** Assigned task **
Word for word, restate the lines from the one holding "Ppt Background Template" through the last line of the material below, and leave every picture out.

** Collected data **
_ _ _ _
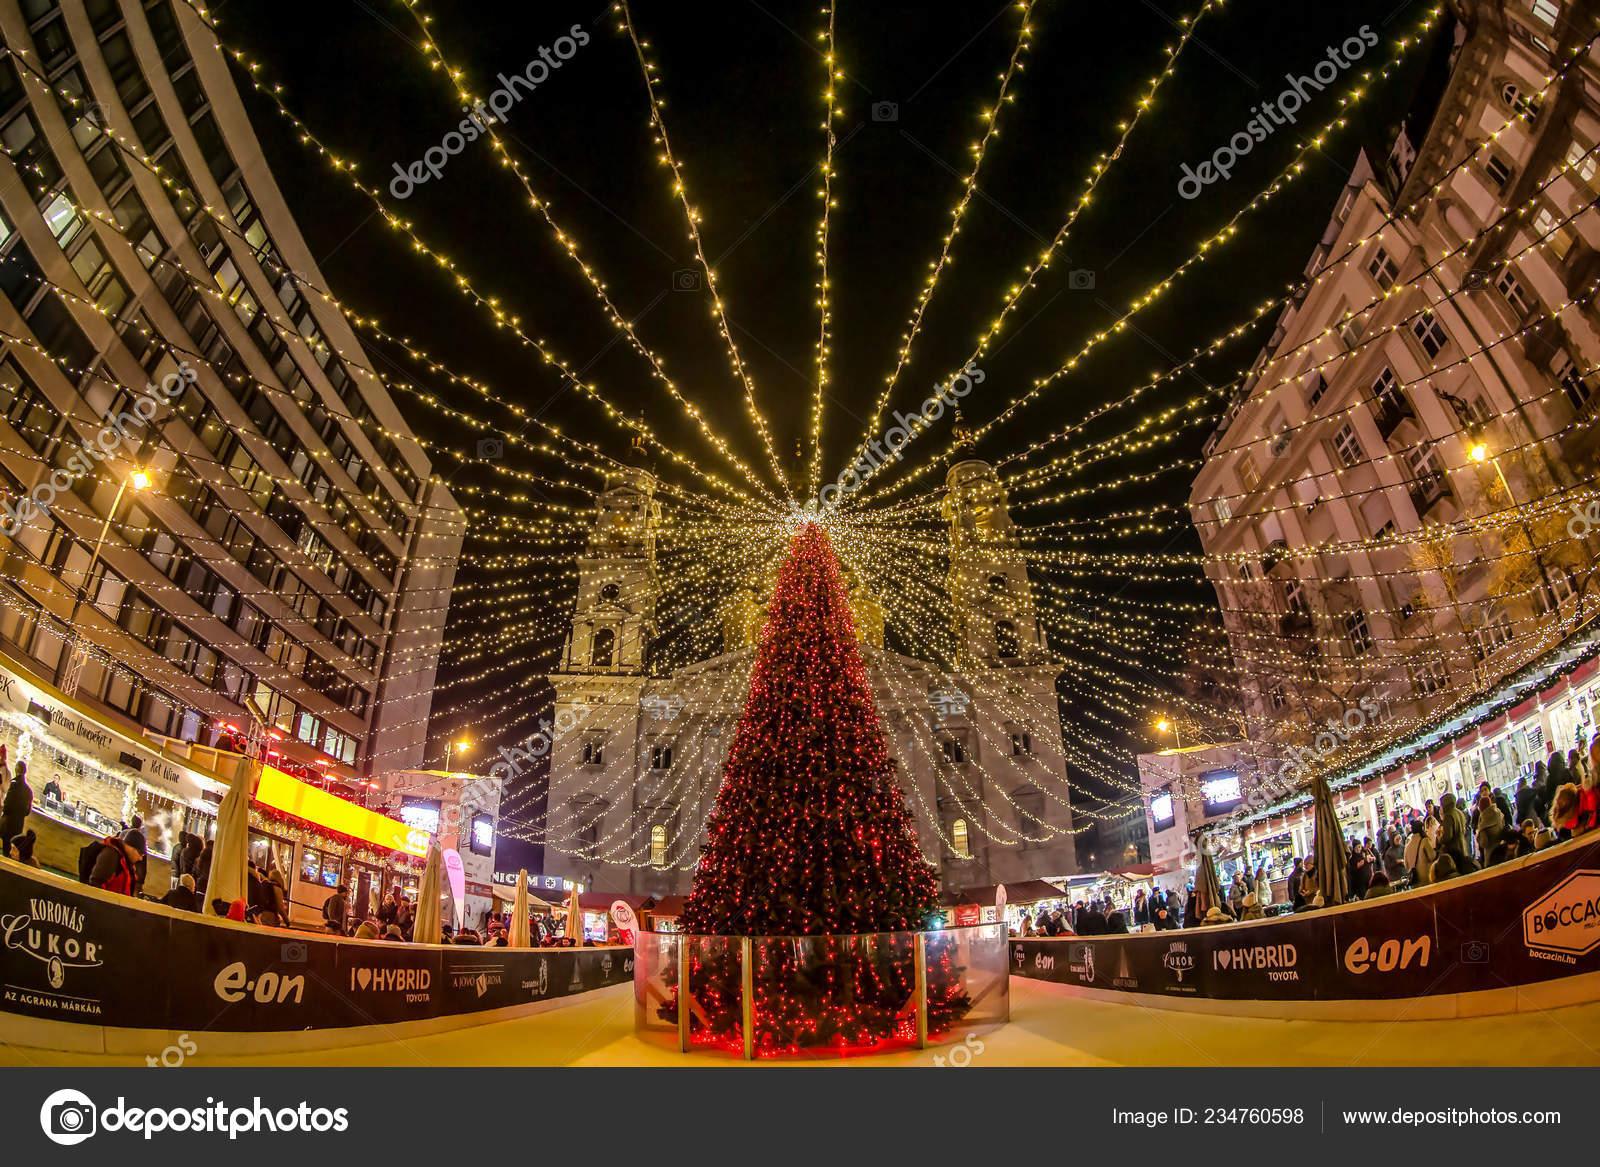 Budapest Christmas Market 2018.Budapest Hungary December 2018 Christmas Market Advent Feast
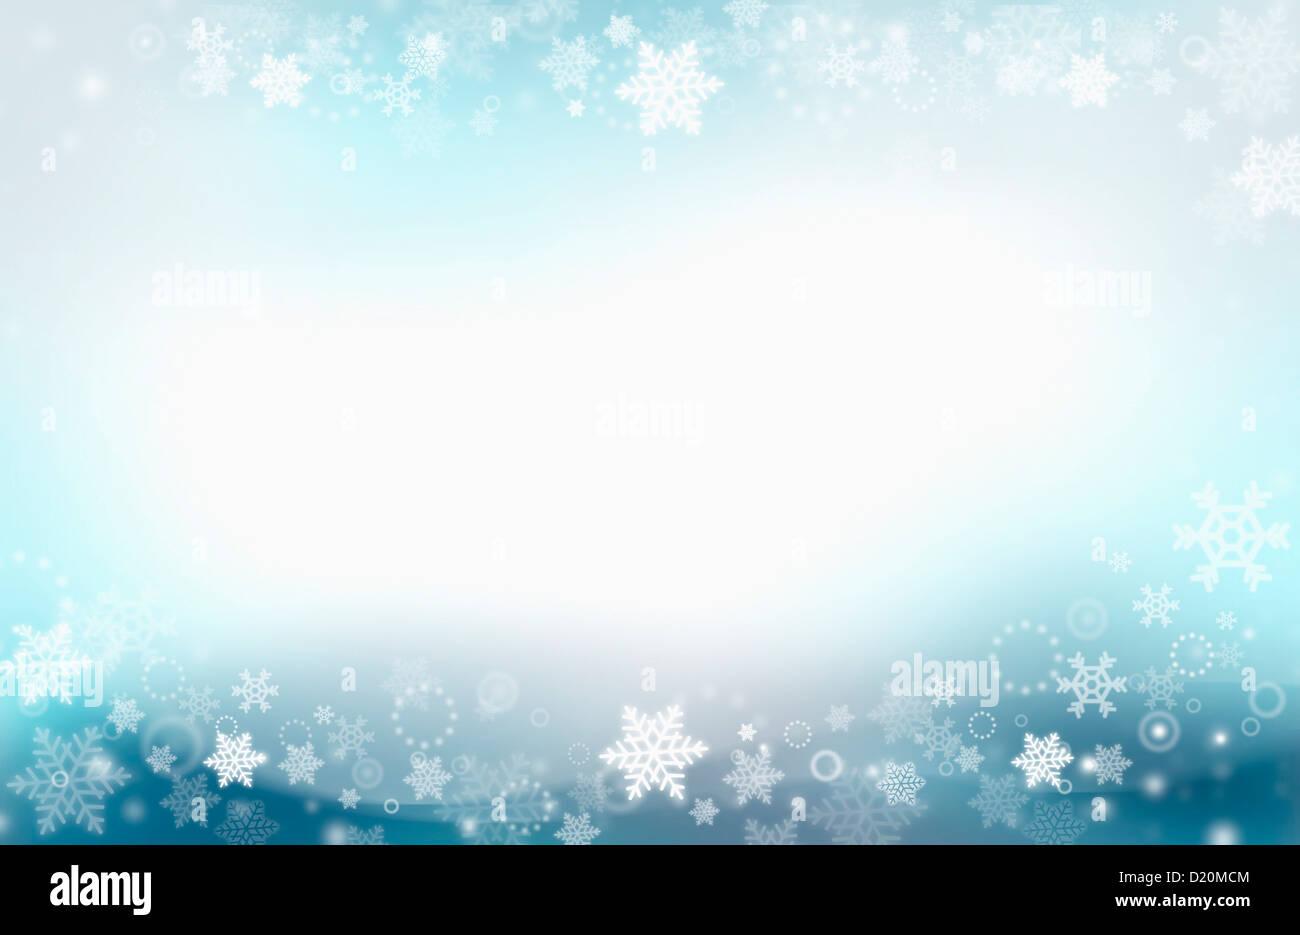 Ppt Background Template Design Blue Imágenes De Stock & Ppt ...
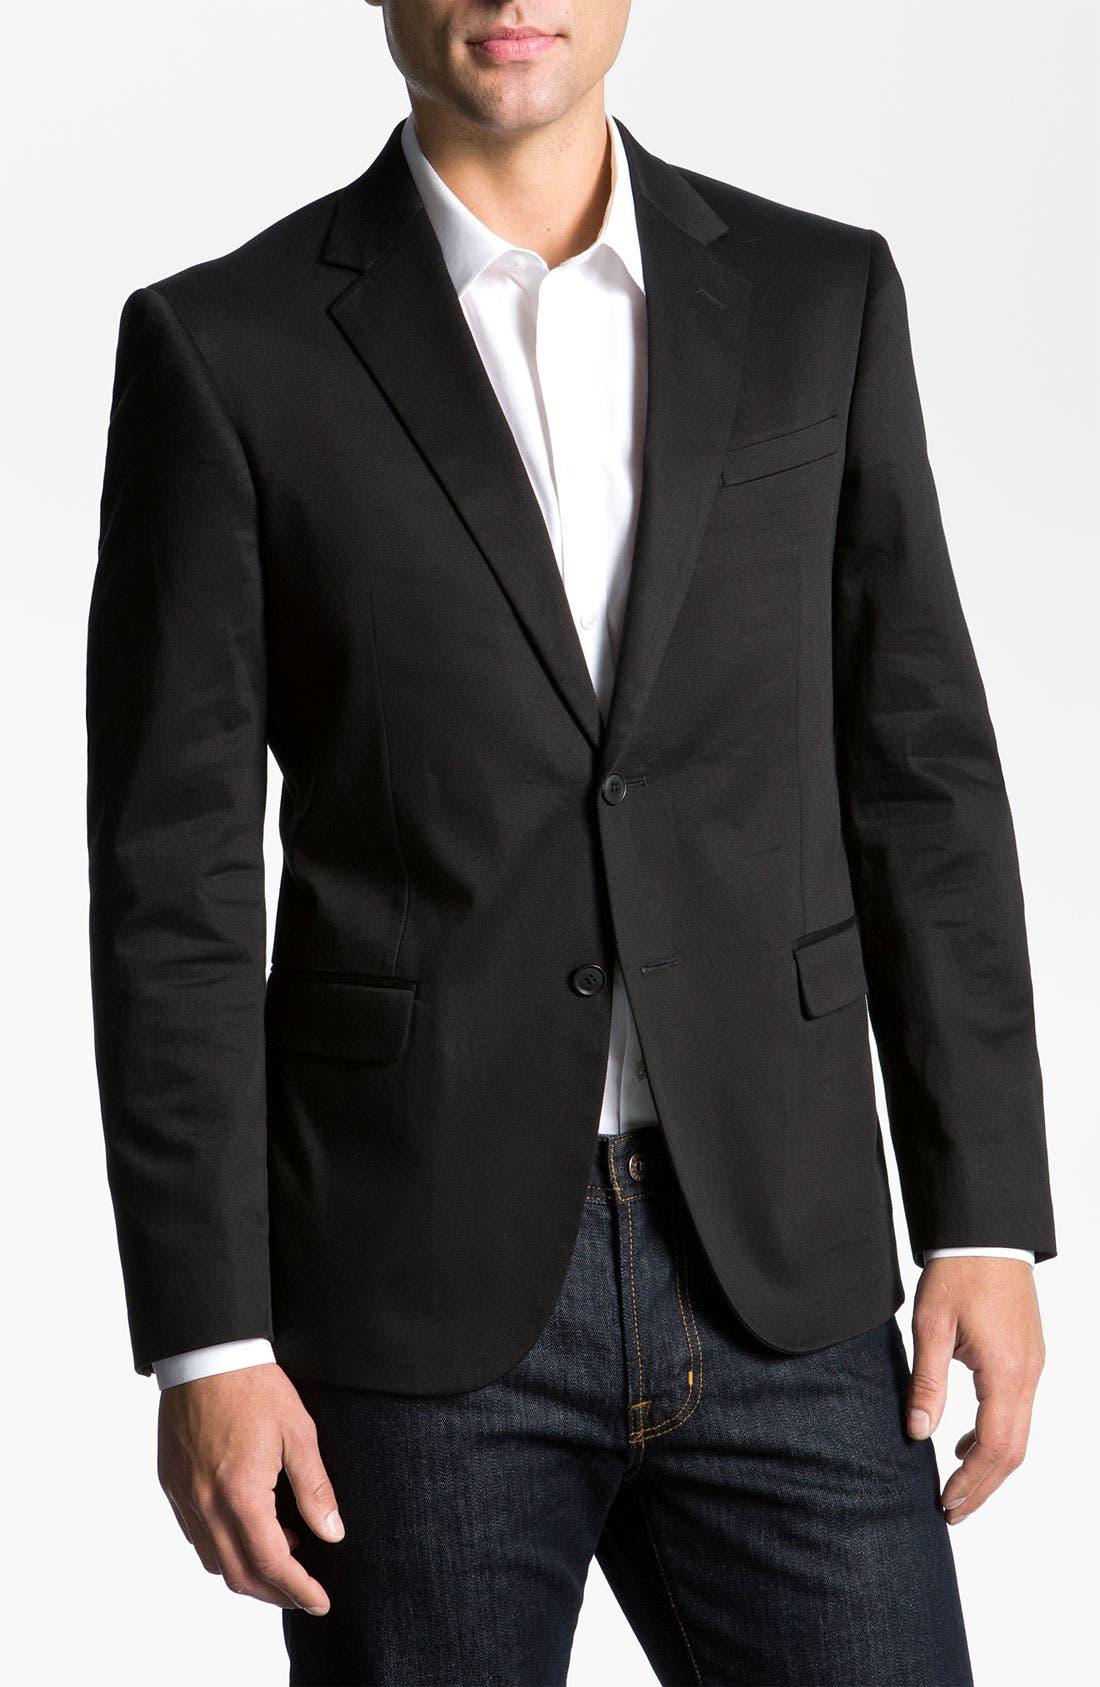 Alternate Image 1 Selected - Calibrate 'Core' Trim Fit Sportcoat
_ _ _ _
** The completed task **
 Ppt Background Template Design Blue Imágenes De Stock & Ppt ...
 Alternate Image 1 Selected - Calibrate 'Core' Trim Fit Sportcoat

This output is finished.